* _Data for this exercise_:
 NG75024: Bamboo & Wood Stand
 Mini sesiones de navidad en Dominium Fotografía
* * *
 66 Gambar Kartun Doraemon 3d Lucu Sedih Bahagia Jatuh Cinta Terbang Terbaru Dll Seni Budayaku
...
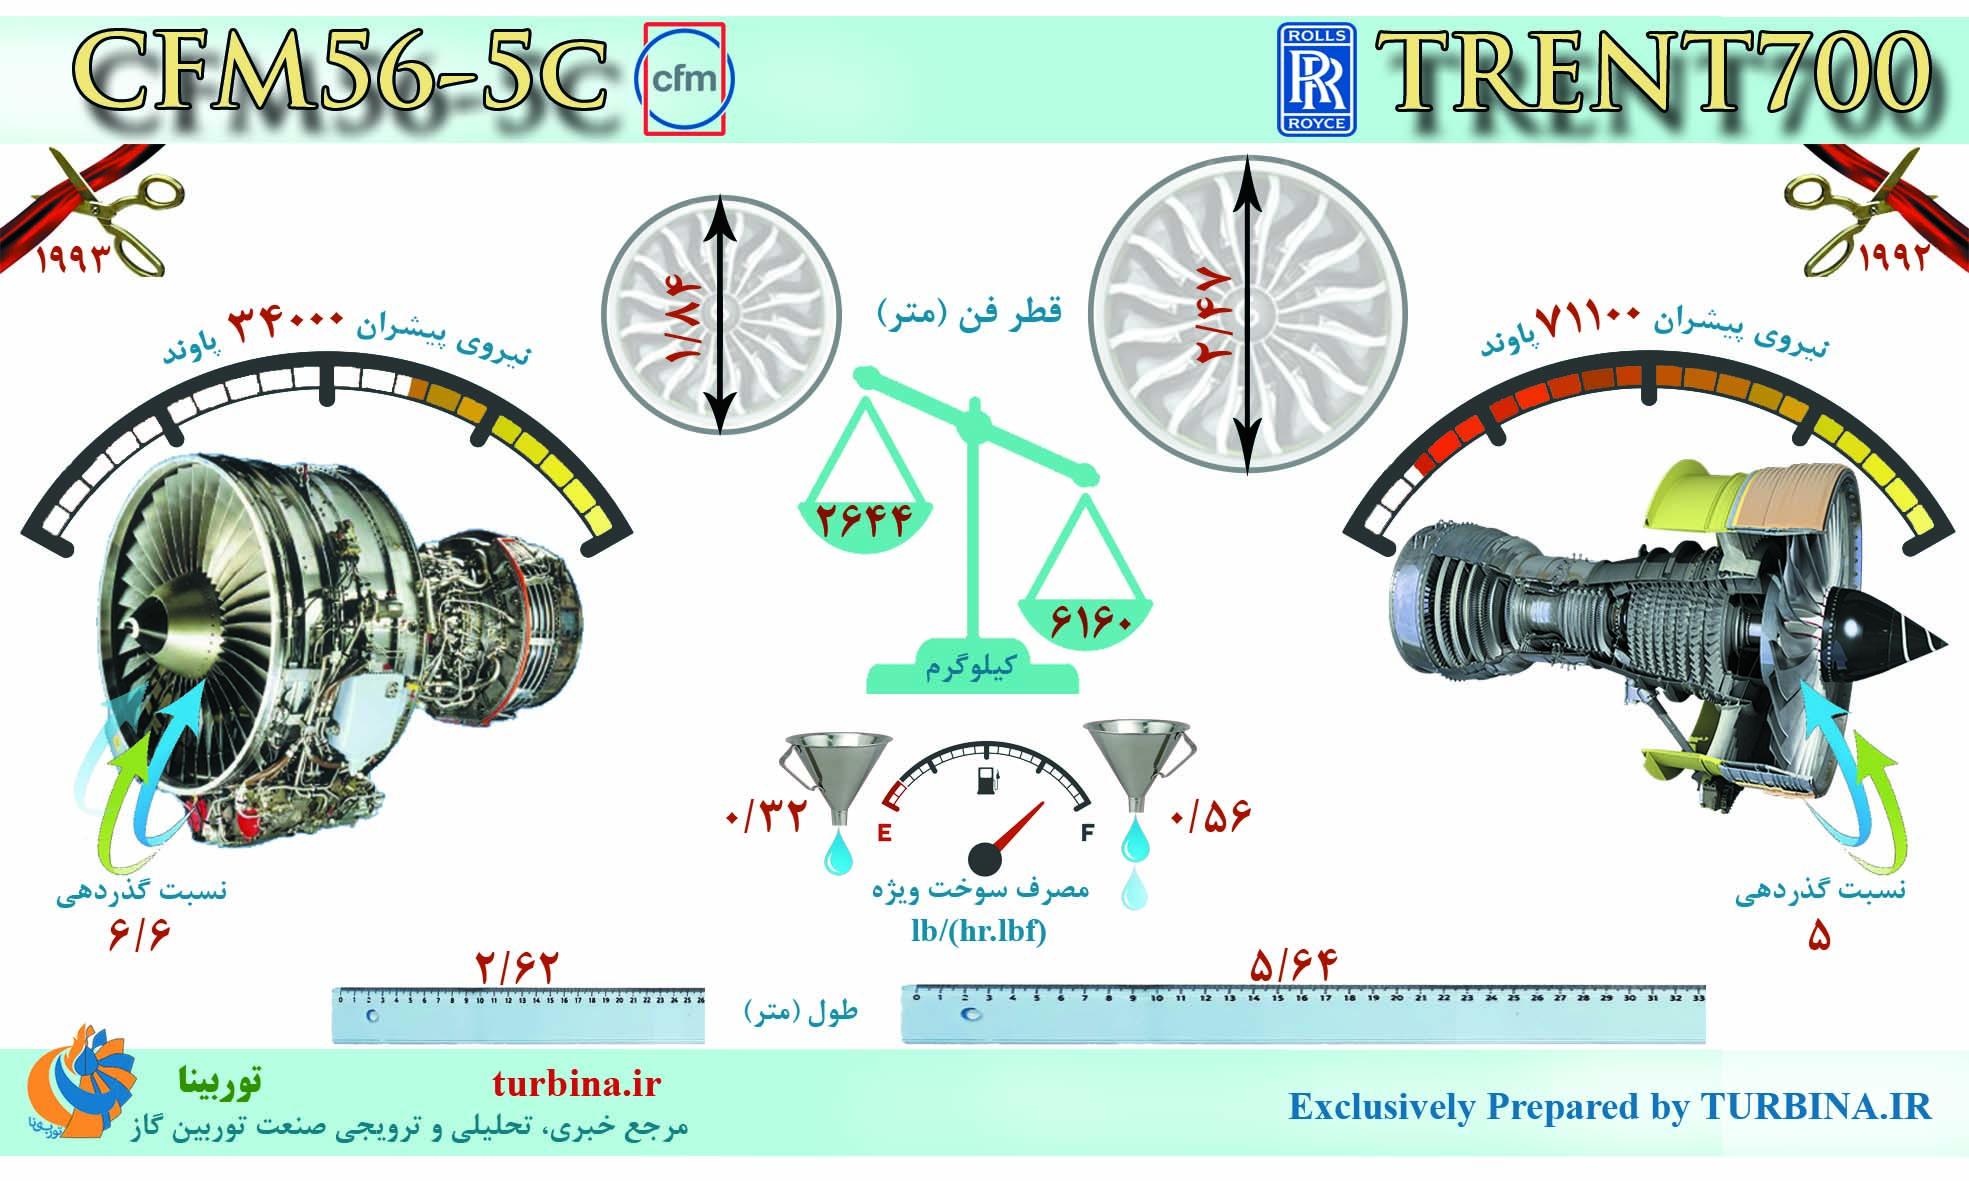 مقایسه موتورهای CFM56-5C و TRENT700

* _Task objective_:
Which lines above run from the one containing "NG75024: Bamboo & Wood Stand" down to the one containing "Mini sesiones de"? Repeat exactly those, both ends included, and nothing else.

* _Answer section_:
 NG75024: Bamboo & Wood Stand
 Mini sesiones de navidad en Dominium Fotografía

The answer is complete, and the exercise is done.